*** Exercise data ***

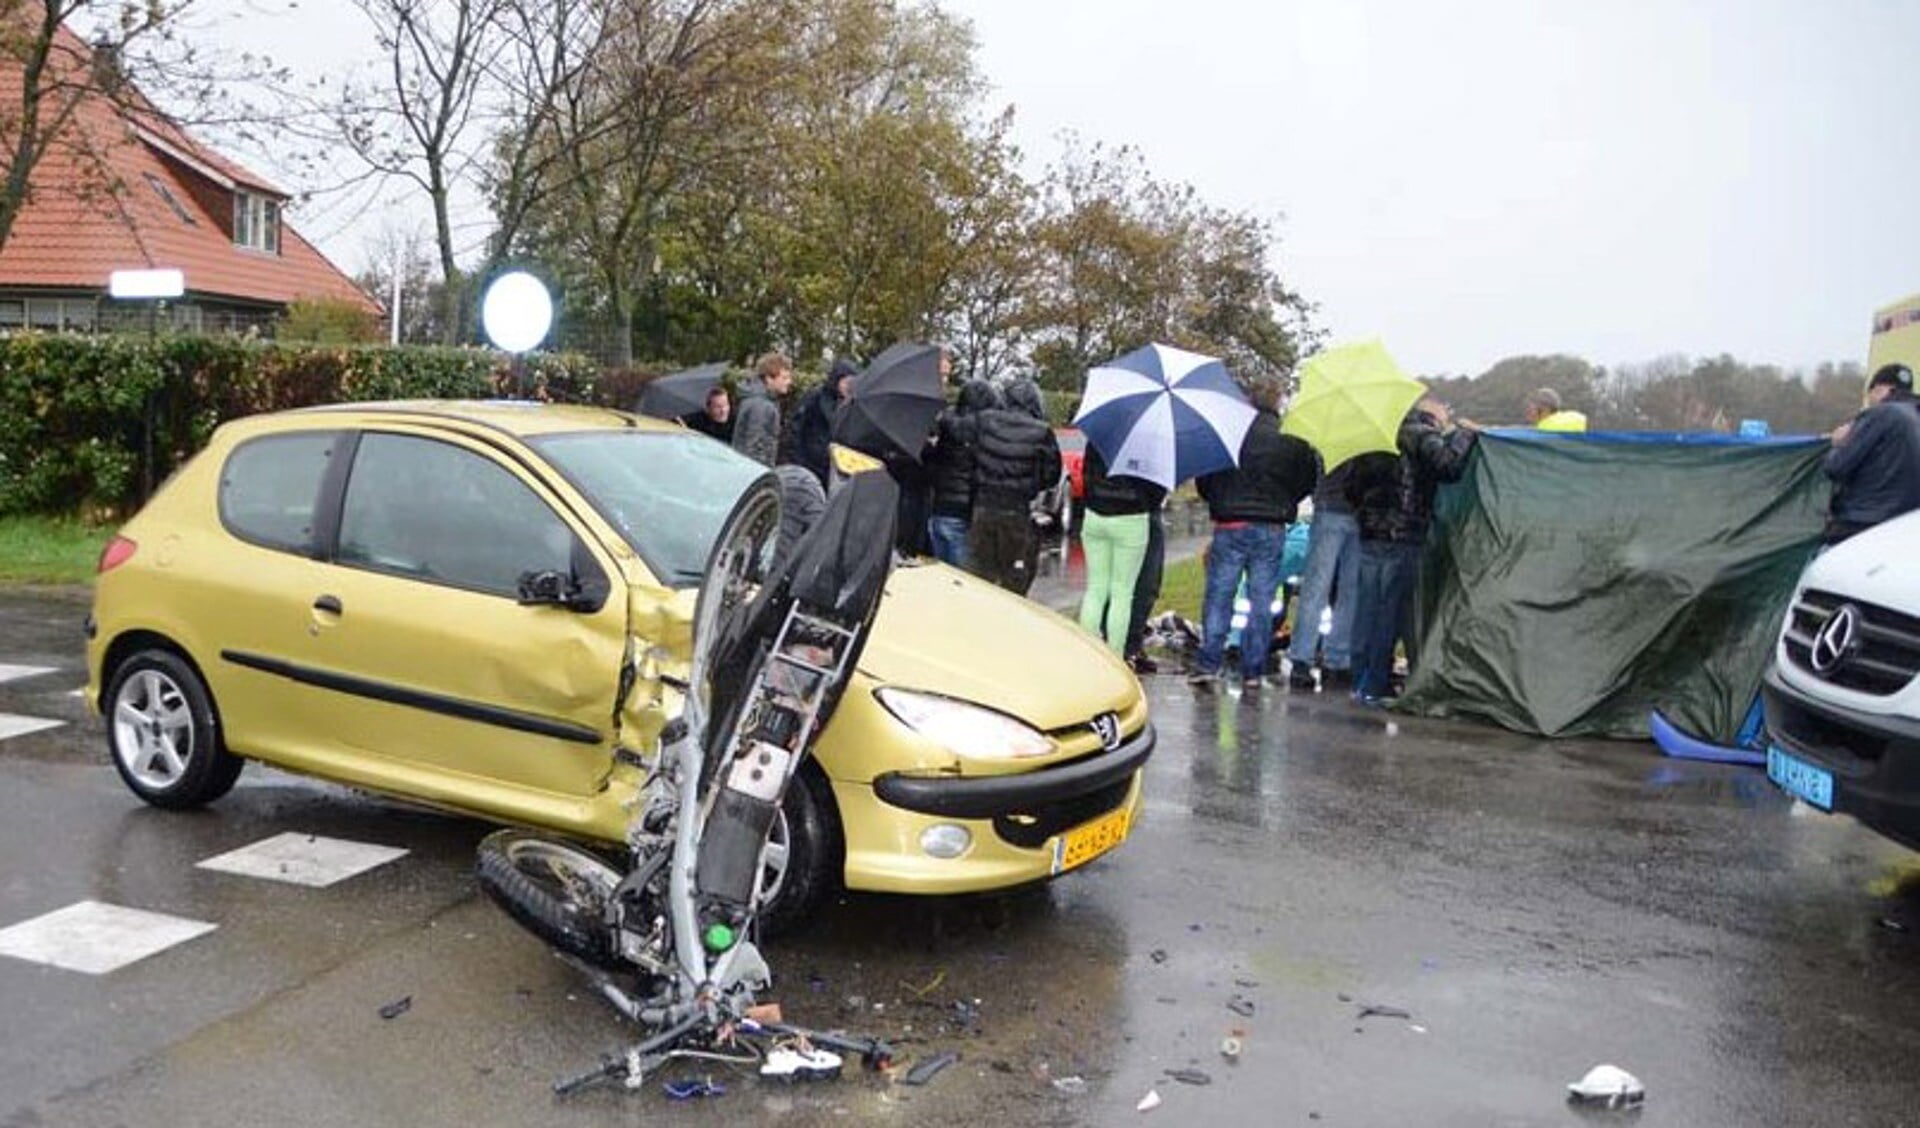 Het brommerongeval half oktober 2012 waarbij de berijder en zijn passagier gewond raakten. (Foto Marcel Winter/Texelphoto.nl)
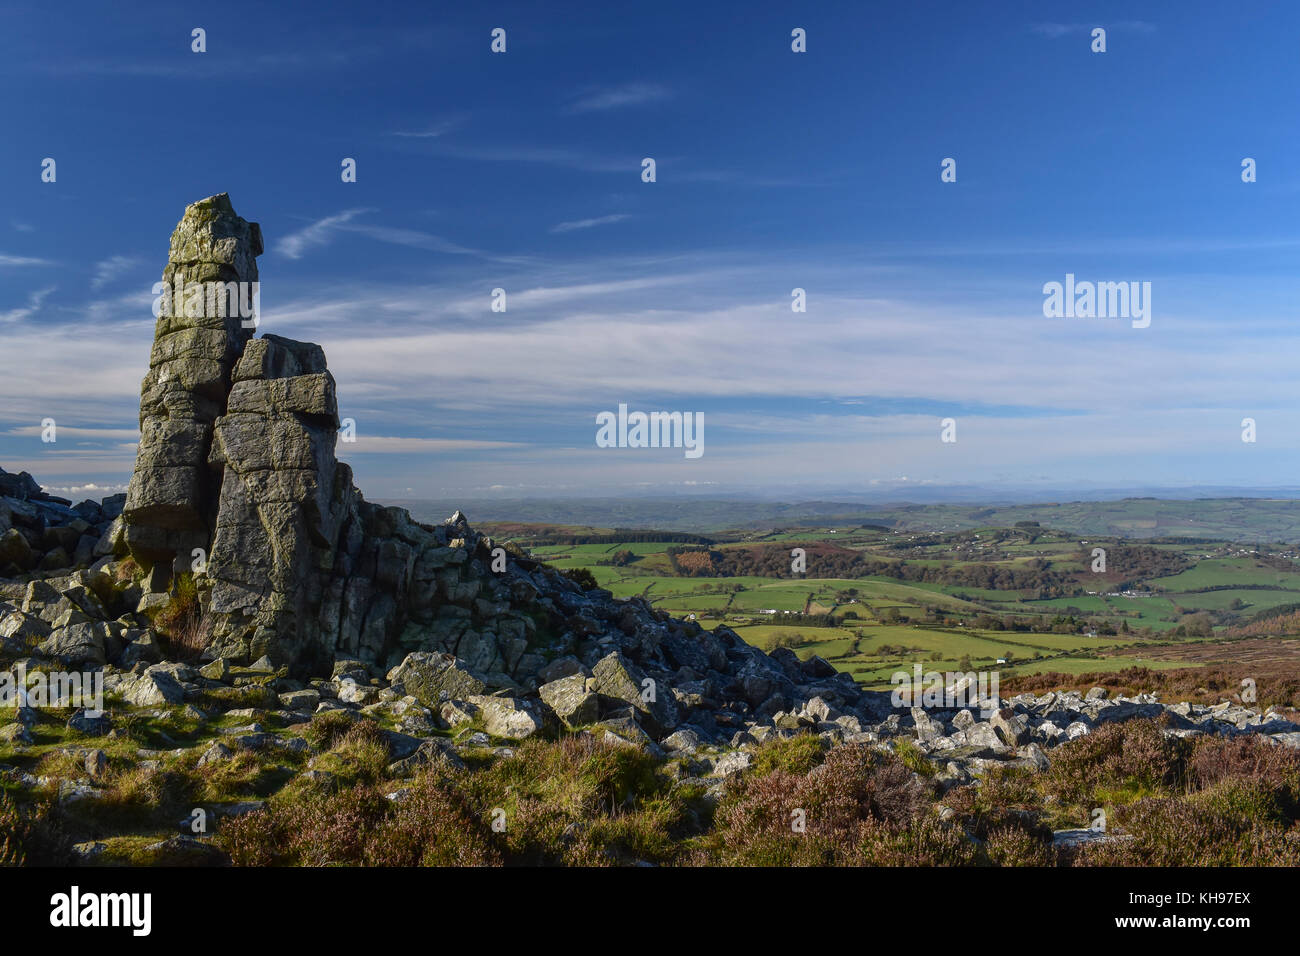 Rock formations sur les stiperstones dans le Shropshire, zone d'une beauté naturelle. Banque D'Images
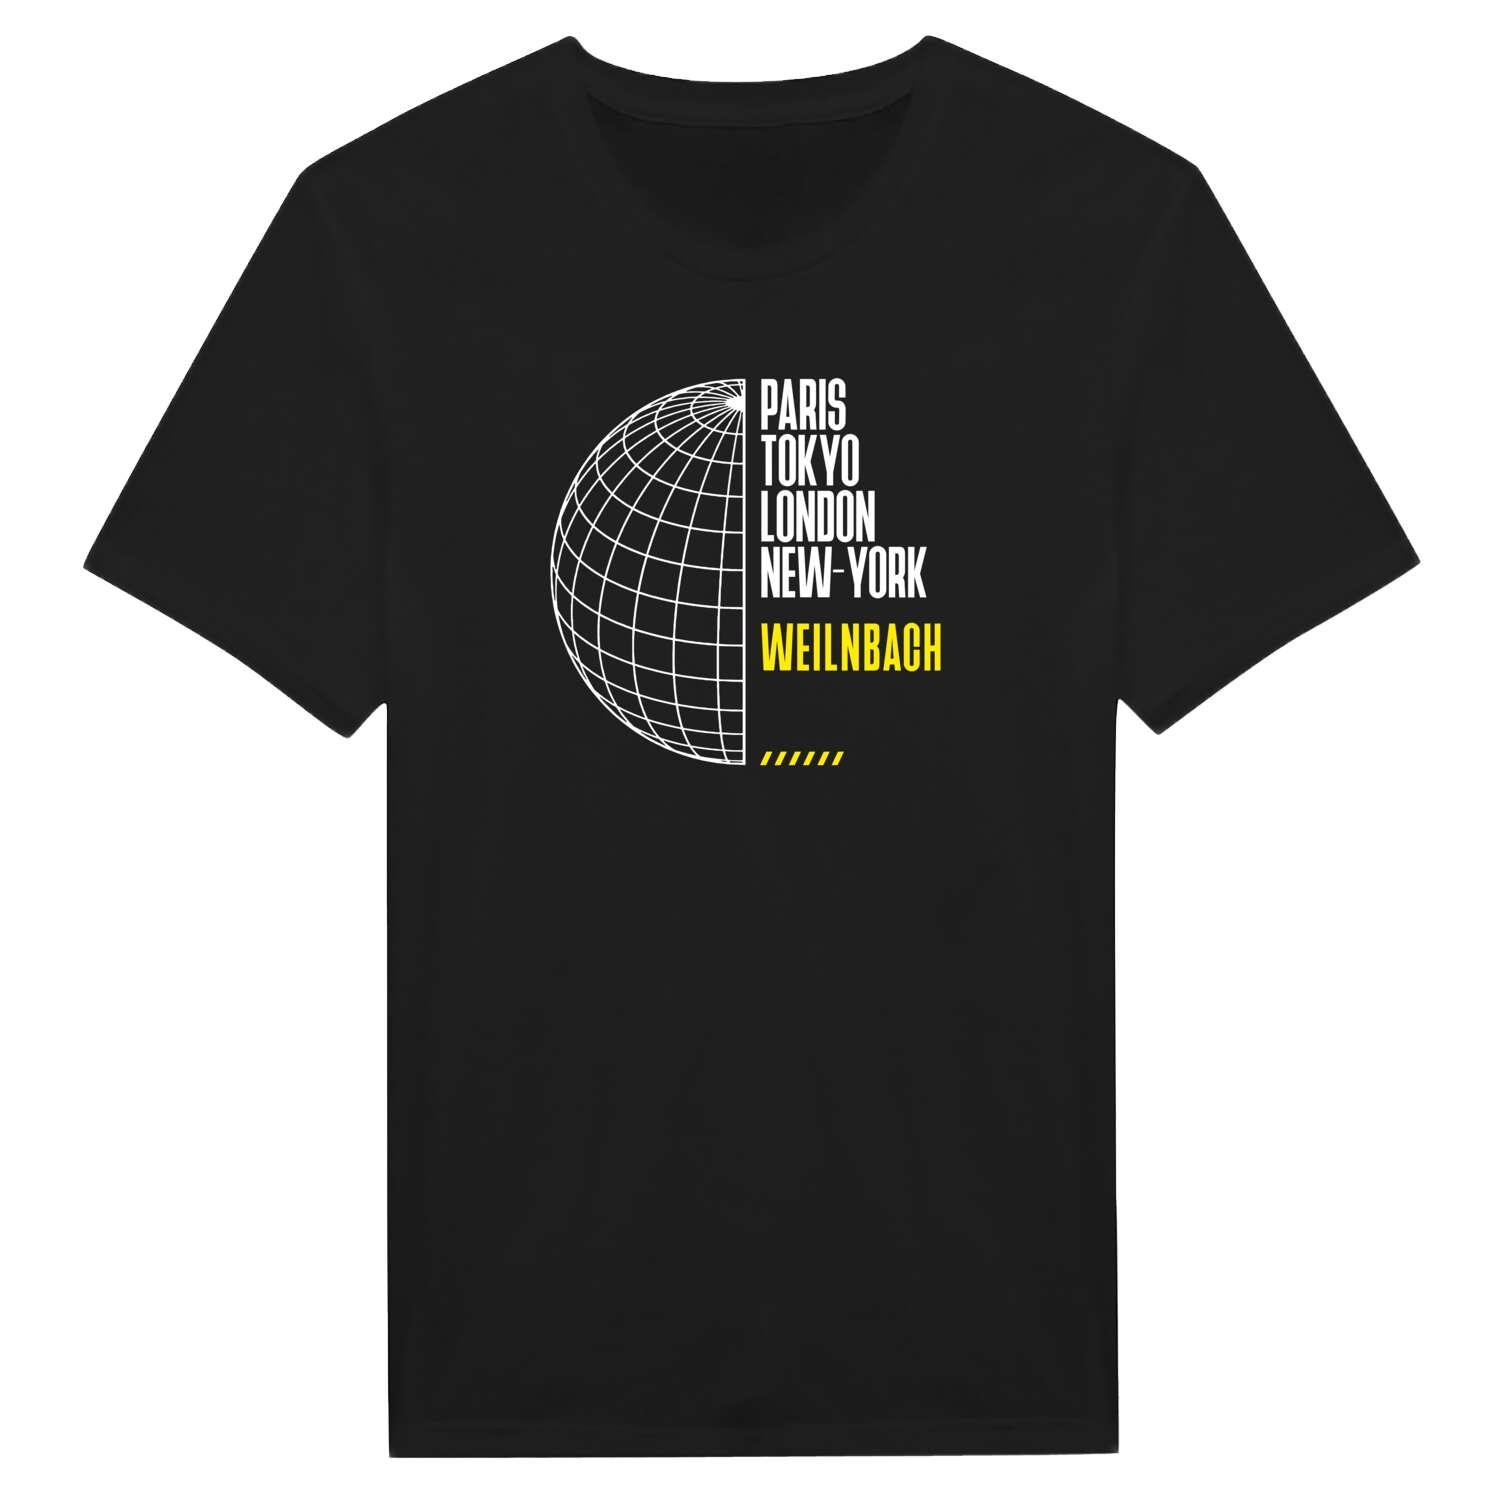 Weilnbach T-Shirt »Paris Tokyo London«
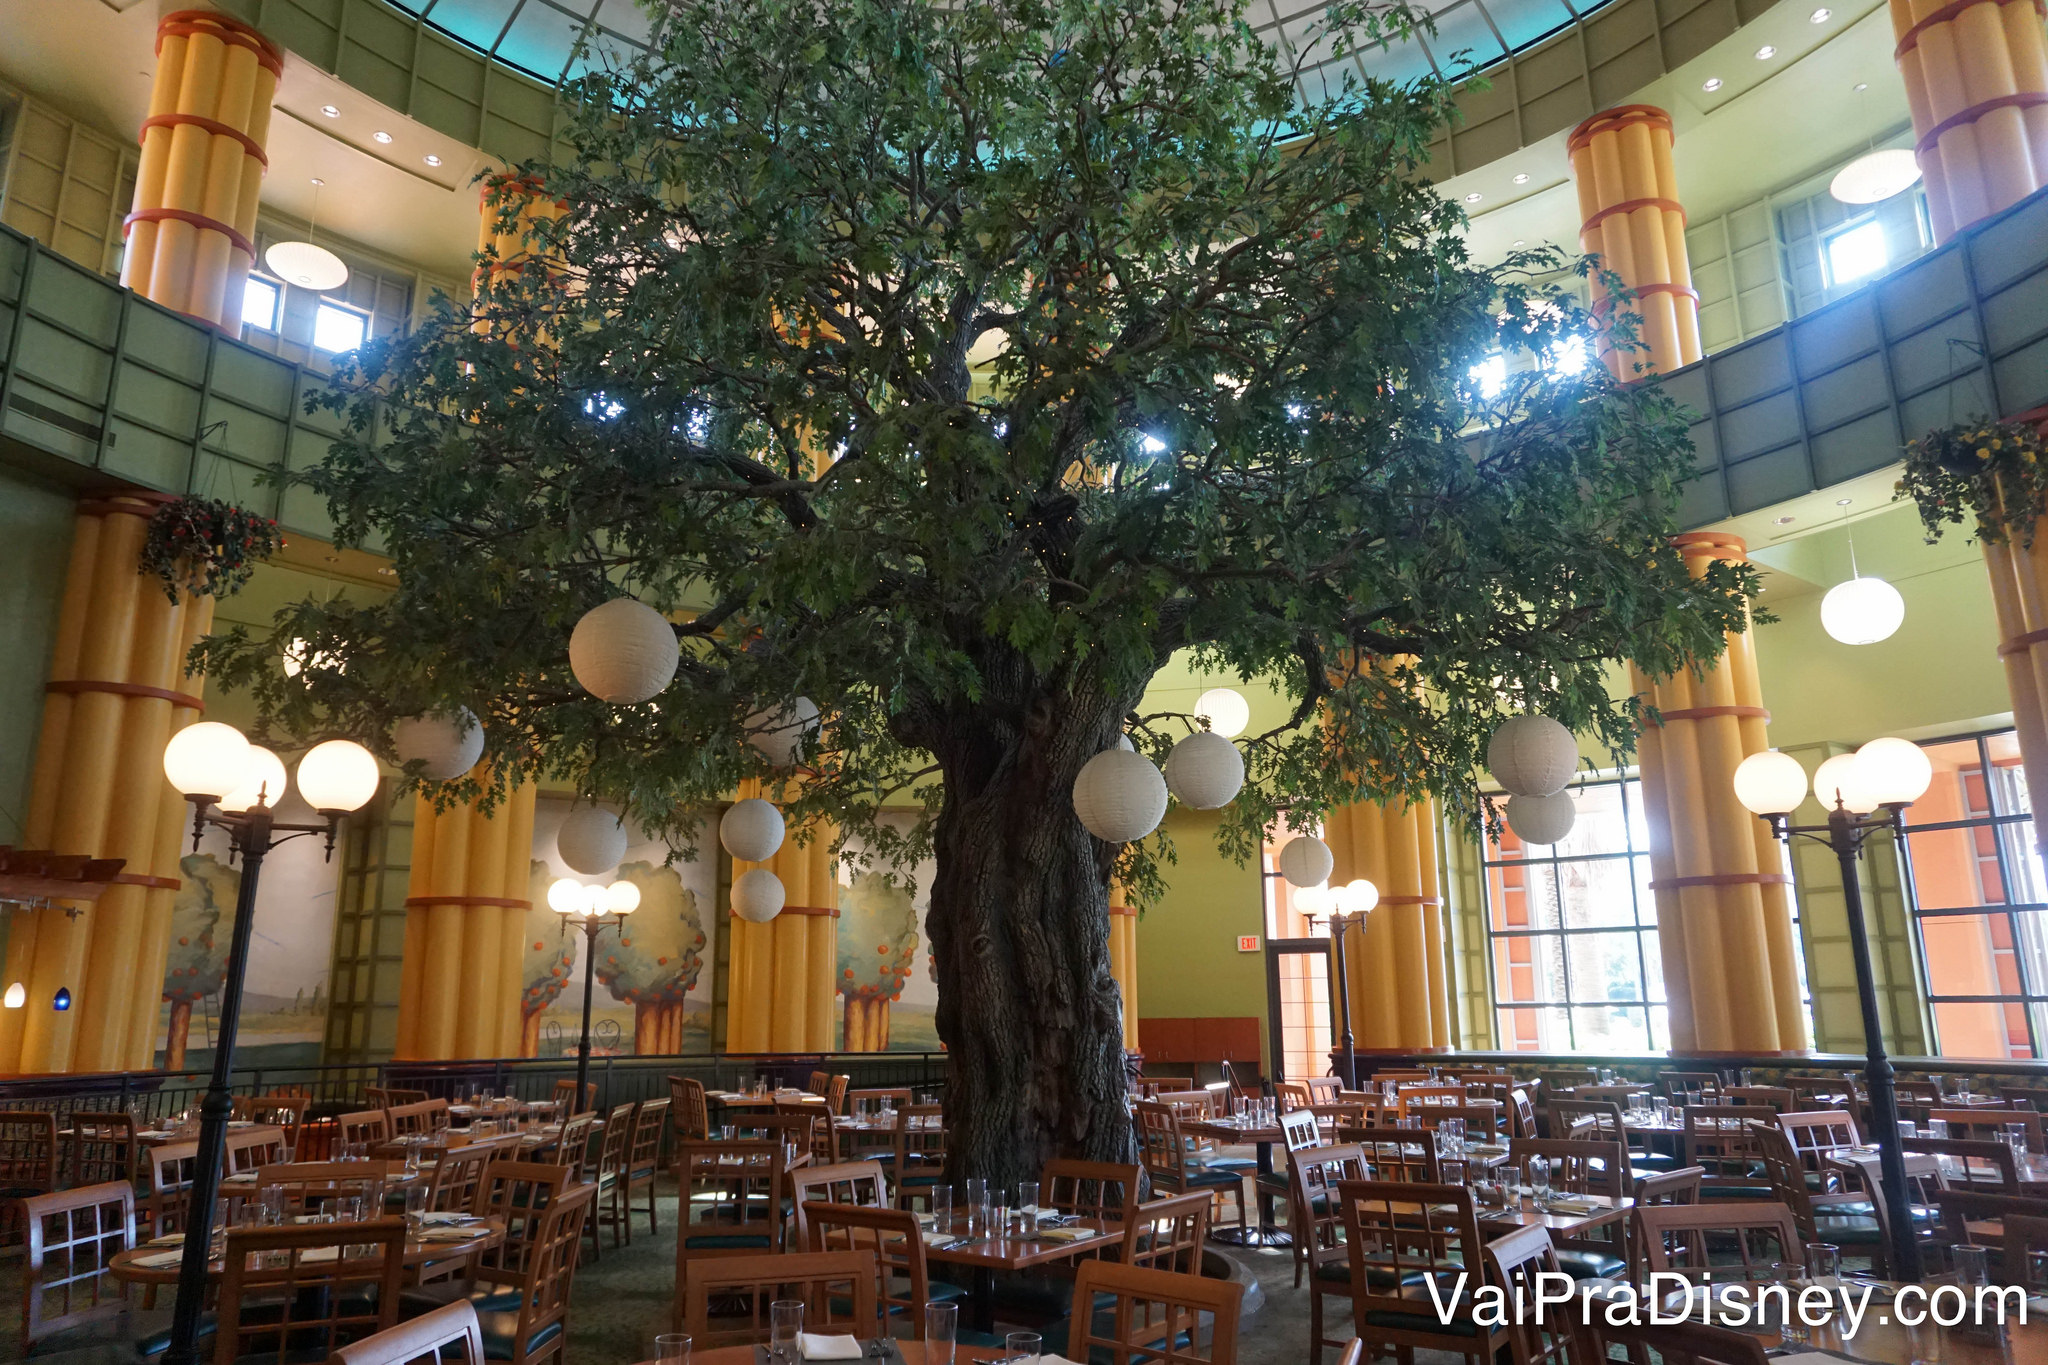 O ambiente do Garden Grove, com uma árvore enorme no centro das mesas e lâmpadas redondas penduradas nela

*** End of Exercise data ***

## [Task]
Every line of the data is to be transcribed exactly, and no picture is to be included.

## [Answer box]
 Het brommerongeval half oktober 2012 waarbij de berijder en zijn passagier gewond raakten. (Foto Marcel Winter/Texelphoto.nl)
 Rock formations sur les stiperstones dans le Shropshire, zone d'une beauté naturelle. Banque D'Images
 Weilnbach T-Shirt »Paris Tokyo London«
 O ambiente do Garden Grove, com uma árvore enorme no centro das mesas e lâmpadas redondas penduradas nela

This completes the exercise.